# Have I mentioned just how much I like pre-cooling?



## SoFlaModel3 (Apr 15, 2017)

It sure is hot again in South Florida. In the 6 minutes it took to walk to my car, it cooled from an insane 124F to a comfortable 68F!!!


----------



## Maevra (Oct 24, 2017)

SoFlaModel3 said:


> It sure is hot again in South Florida. In the 6 minutes it took to walk to my car, it cooled from an insane 124F to a comfortable 68F!!!
> 
> View attachment 6935
> View attachment 6936


Lol we think alike.


----------



## crmatson (Mar 27, 2017)

Does the Model 3 not have the cabin overheat protection feature? 
If not, hopefully it is coming soon.


----------



## SoFlaModel3 (Apr 15, 2017)

crmatson said:


> Does the Model 3 not have the cabin overheat protection feature?
> If not, hopefully it is coming soon.


That's a good question ... clearly 124F is surely too hot, right? Of course vampire drain on keeping my car cool in the Florida sun would be brutal.


----------



## Maevra (Oct 24, 2017)

SoFlaModel3 said:


> That's a good question ... clearly 124F is surely too hot, right? Of course vampire drain on keeping my car cool in the Florida sun would be brutal.


That'll be 11 miles in 3 hours keeping the car at a constant 67F. 

ETA: Nope, no cabin overheat protection option yet.


----------



## SoFlaModel3 (Apr 15, 2017)

Wow today the car his 130F. With a 7 minute walk to the car down to 69F. Love it!!!


----------



## Dogwhistle (Jul 2, 2017)

crmatson said:


> Does the Model 3 not have the cabin overheat protection feature?
> If not, hopefully it is coming soon.


Cabin Overheat Protection is a good safety feature if you have small kids or pets that could be at risk of being left accidentally in the car. Otherwise, it will waste an enormous amount of energy keeping the car cool all day, when like @SoFlaModel3 has demonstrated, it only takes a few minutes to cool (or heat) right before departure.


----------



## Impatient (Sep 19, 2017)

Dogwhistle said:


> Cabin Overheat Protection is a good safety feature if you have small kids or pets that could be at risk of being left accidentally in the car. Otherwise, it will waste an enormous amount of energy keeping the car cool all day, when like @SoFlaModel3 has demonstrated, it only takes a few minutes to cool (or heat) right before departure.

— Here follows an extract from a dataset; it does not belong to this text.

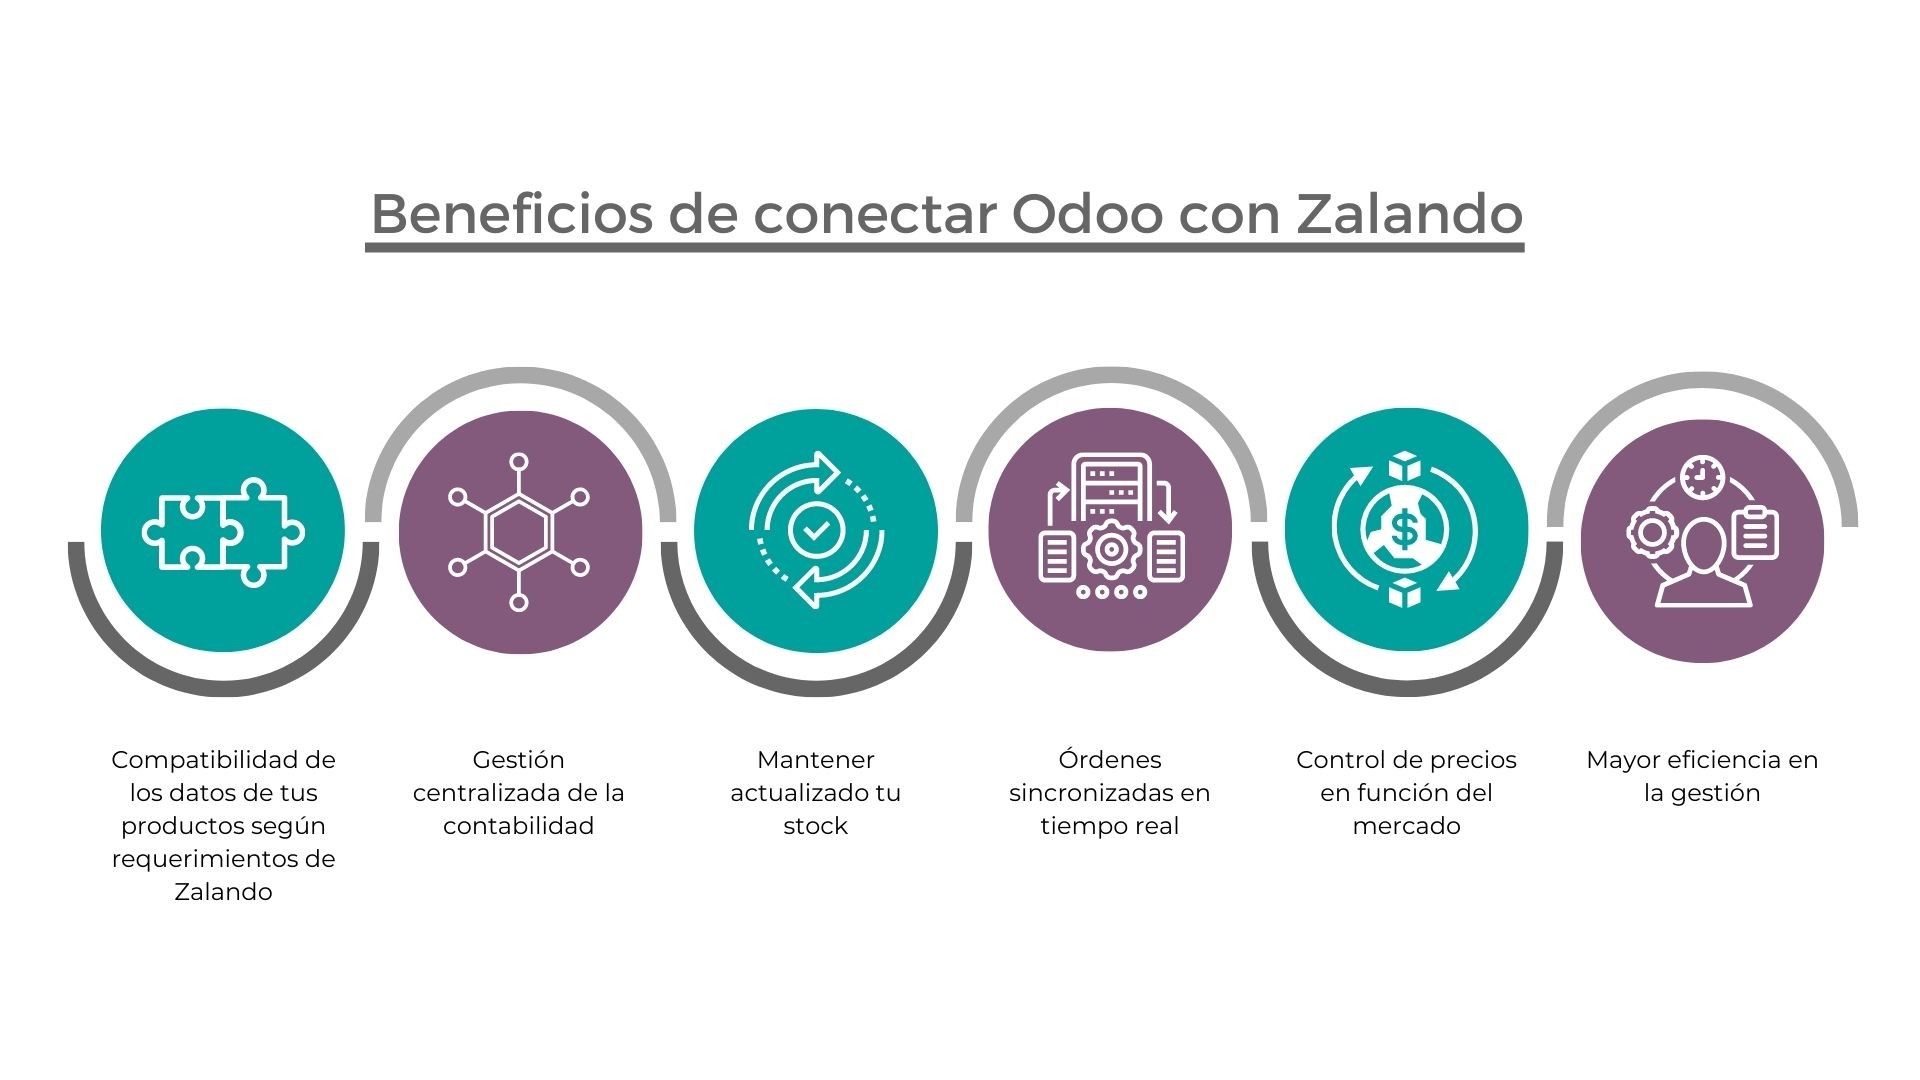 Beneficios de conectar Odoo con Zalando

IMO, in addition to the safety aspects, cabin overheat is worth the energy cost because it likely prolongs the life of the display and other cabin components (i.e., a dash cam) that would otherwise spend lots of time at much higher temperatures.


----------



## Dl6684 (Sep 26, 2017)

And keep your sunglasses from being too hot to put on your face.


----------



## SoFlaModel3 (Apr 15, 2017)

Impatient said:


> IMO, in addition to the safety aspects, cabin overheat is worth the energy cost because it likely prolongs the life of the display and other cabin components (i.e., a dash cam) that would otherwise spend lots of time at much higher temperatures.


I would be curious what kind of range hit you'd take to cool the car 30+F and hold it for 9 hours that way.


----------



## Frank99 (Aug 3, 2017)

SoFlaModel3 said:


> I would be curious what kind of range hit you'd take to cool the car 30+F and hold it for 9 hours that way.


I'll let you know in the third week of June, which is historically the hottest week of the year here. Fortunately, it looks like I'll have my car by then (I've got a VIN, and just got an email from my DS). Is 120F (49C) warm enough for a good test?


----------



## PNWmisty (Aug 19, 2017)

This is the most under-rated feature of wirelessly connected EV's. I imagine you could do it with an ICE vehicle but it would be slow and hugely inefficient with the big motor just barely turning the little compressor at idle. 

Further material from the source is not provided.